Mallarmé famously claimed that a dance is a sort of a new form of writing, that the body of a dancer writes “a poem free of all writing apparatuses.” Hence the concept choreo-graphy, or dance-writing. Giorgio Agamben begins a little-known essay about dance, entitled “The Body to Come,” by going against this widespread metaphor:

"Dance is not presented here as a writing, but as a reading. Nonetheless, the text that is read is missing, or is, instead, illegible. According to Hofmannsthal’s beautiful image, the dancer 'reads what was never written.'"

The community of modern dance that has been thriving for the past century since Nijinsky’s rise to fame is a living testament to the possibility of reading what was never written in the book our political life, as it learns to cope with the traumatic history of classical ballet.

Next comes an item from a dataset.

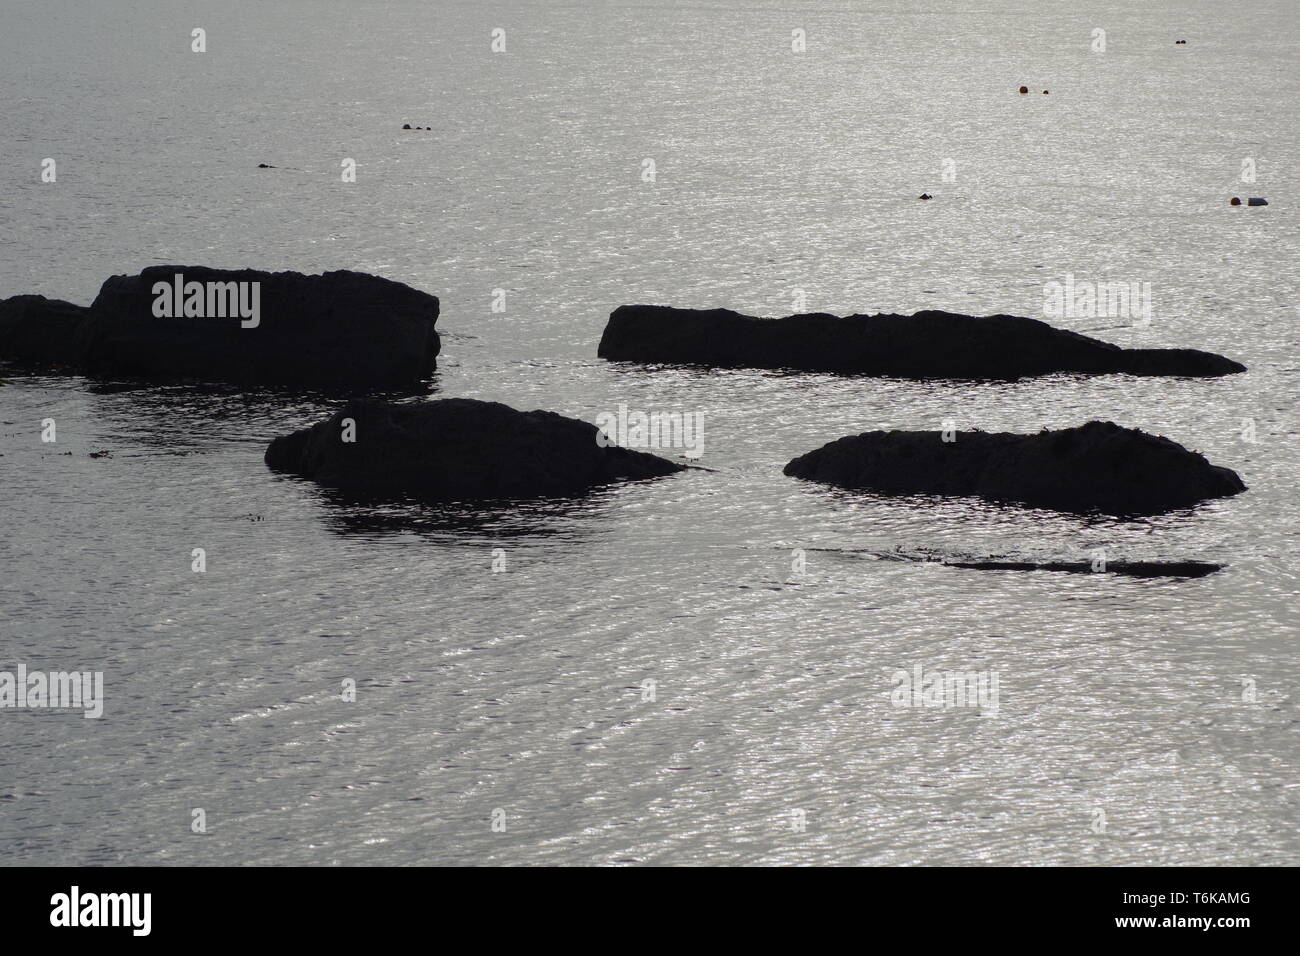 Fond naturel de quatre blocs qui se profile à l'aube dans un quartier calme de la mer argentée. Firth of Forth, Crail, Fife, Scotland, UK. Banque D'Images

If you bear in mind the strong linkage between ballet and politics that I was trying to sketch above, then you could see why anyone who partakes in the most fascinating and urgent intellectual project of our day, the project of imagining the politics to come, should look for modern dance as a paradigm case. The modern dancer could then function as an exemplar for what Agamben calls the “whatever singularity” of the coming being. Alternatively, dance could be conceived as the manifestation of pure means, or means without end, which Agamben sees as the true political sphere. The fact that ballet is still performed today in stuffy halls, and that even modern dancers still take ballet class from time to time, could mean the following: the sovereign state is not going to disappear, but to remain as an anachronistic institution that some will still attend to (as some still attend to the Roman Church), though it will eventually lose its menacing power that is leading us today toward a global civil war.